4. i think this depends on ones opinion. To me mine makes a great adorable pet but to others it may be a spikey, nocturnal wheel addicted creatures 

if you got any more questions be free to send me a pm
also a good website which i use alot for hedgies is Hedgehog Central Forums; Index page


----------



## Sarahhampson (Oct 19, 2010)

Hi everythig said above is about right mine can be picked up and sleeps inside my dressing gown but won't actually play with they can eat live food mine love to chase mealworms I would reccommend Pgmyhogsuk.com


----------



## paulajo (Oct 13, 2010)

I have 3 adults, all are so different! One loves her cuddles, never balls up and will climb around my neck, lick my hand etc. She has never bitten me.

The next likes being stroked (after lots of hardwork!) but still huffs and will try to jab her quills into you if your sat of the floor!

The 3rd is ok being stroked, but balls up and boy has he got a bite!! Many times i've hand him hanging off my palm!

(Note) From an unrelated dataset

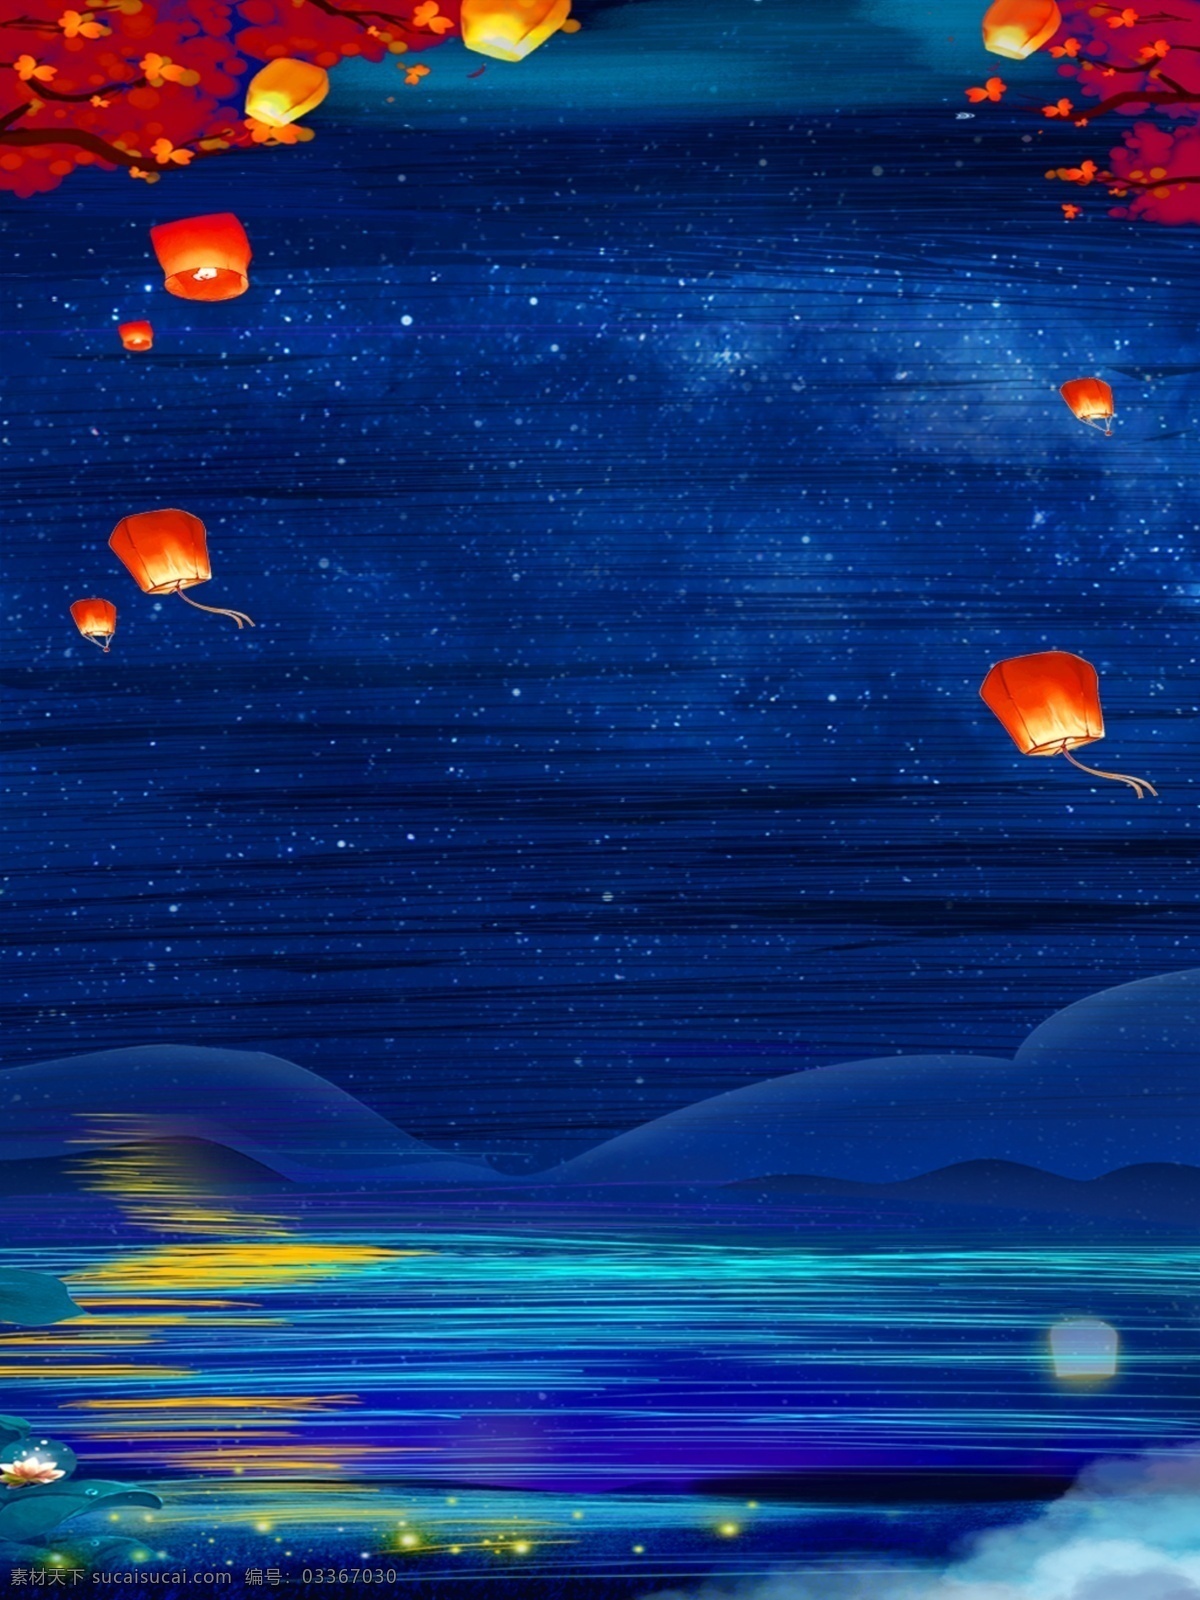 蓝色 夜空 下 红梅 孔明灯 江水 广告 背景 广告背景

Basically, they are all so different, just like other pets but i love each of them for all their differences.


----------



## worldoffishandpets.co.uk (Dec 23, 2010)

Hegehogs make great pets they are easy to look after they eat dried hedgehog food and meal worms.
We have some care sheets on our site coming soon


----------



## Shell195 (May 31, 2007)

worldoffishandpets.co.uk said:


> Hegehogs make great pets they are easy to look after they eat dried hedgehog food and meal worms.
> We have some care sheets on our site coming soon


 
What dried hedgehog food do you feed as Spikes isnt suitable for APH ?

To the op :-
Pygmyhogs UK forum is the best site with lots of information and friendly advice


----------



## Sarahhampson (Oct 19, 2010)

yeah cat food is best mine eats iams


----------



## hippyhaplos (Jan 12, 2010)

Mine gets iams kitten food- lilac bag, as well as mealworms and crickets. Every so often he'll get some plain cooked chicken as well.


----------



## Kare (Mar 9, 2010)

Great pets, I adore mine.

However very much a pet that you get out of them what you put in and in Summer at least you can be talking 11pm before they really wish to wake up, so very very bad pet for children and a poor pet if you are an early bird type rather than a night owl. 

Basically a great pet for the correct owner, or a fairly lousy one for another person.


----------



## Sarahhampson (Oct 19, 2010)

hippyhaplos said:


> Mine gets iams kitten food- lilac bag, as well as mealworms and crickets. Every so often he'll get some plain cooked chicken as well.


is there a difference in feeding the kitten or adult i feed mine the adult one


----------



## Rach1 (May 18, 2010)

best thing i ever got was my Ludo...he's the best and i love him... he makes me giggle..
great pet well bred and friendly as...
also, i agree with what everyone else says...


----------



## Shell195 (May 31, 2007)

Sarahhampson said:


> is there a difference in feeding the kitten or adult i feed mine the adult one


 
The kitten food is to high in fat to be fed longterm


----------



## MaMExotics (Dec 4, 2010)

hi do they need heat?


----------



## SteFANNY162 (Oct 28, 2010)

*HI*

just wanted some help reallyyy.? I'm teribley scared of getting bitten by these wee critters and i'm VERY willing to handle them daily and i'm definatly a night owl... any helpful info?


----------



## hippyhaplos (Jan 12, 2010)

SteFANNY162 said:


> just wanted some help reallyyy.? I'm teribley scared of getting bitten by these wee critters and i'm VERY willing to handle them daily and i'm definatly a night owl... any helpful info?


Get a socialised one from a good reputable breeder and you'll be fine.

Mine has only had a nibble of me once, when I was feeding him mealworms from my fingers- my fault entirely. He misjudged the mealworm and caught the end of my finger. It didn't hurt, and it didn't draw blood. Just wash your hands after handling food and you'll be fine


----------



## WildAutumn (Dec 21, 2010)

Kitten food has more fat in I think, too much fat for an APH...


----------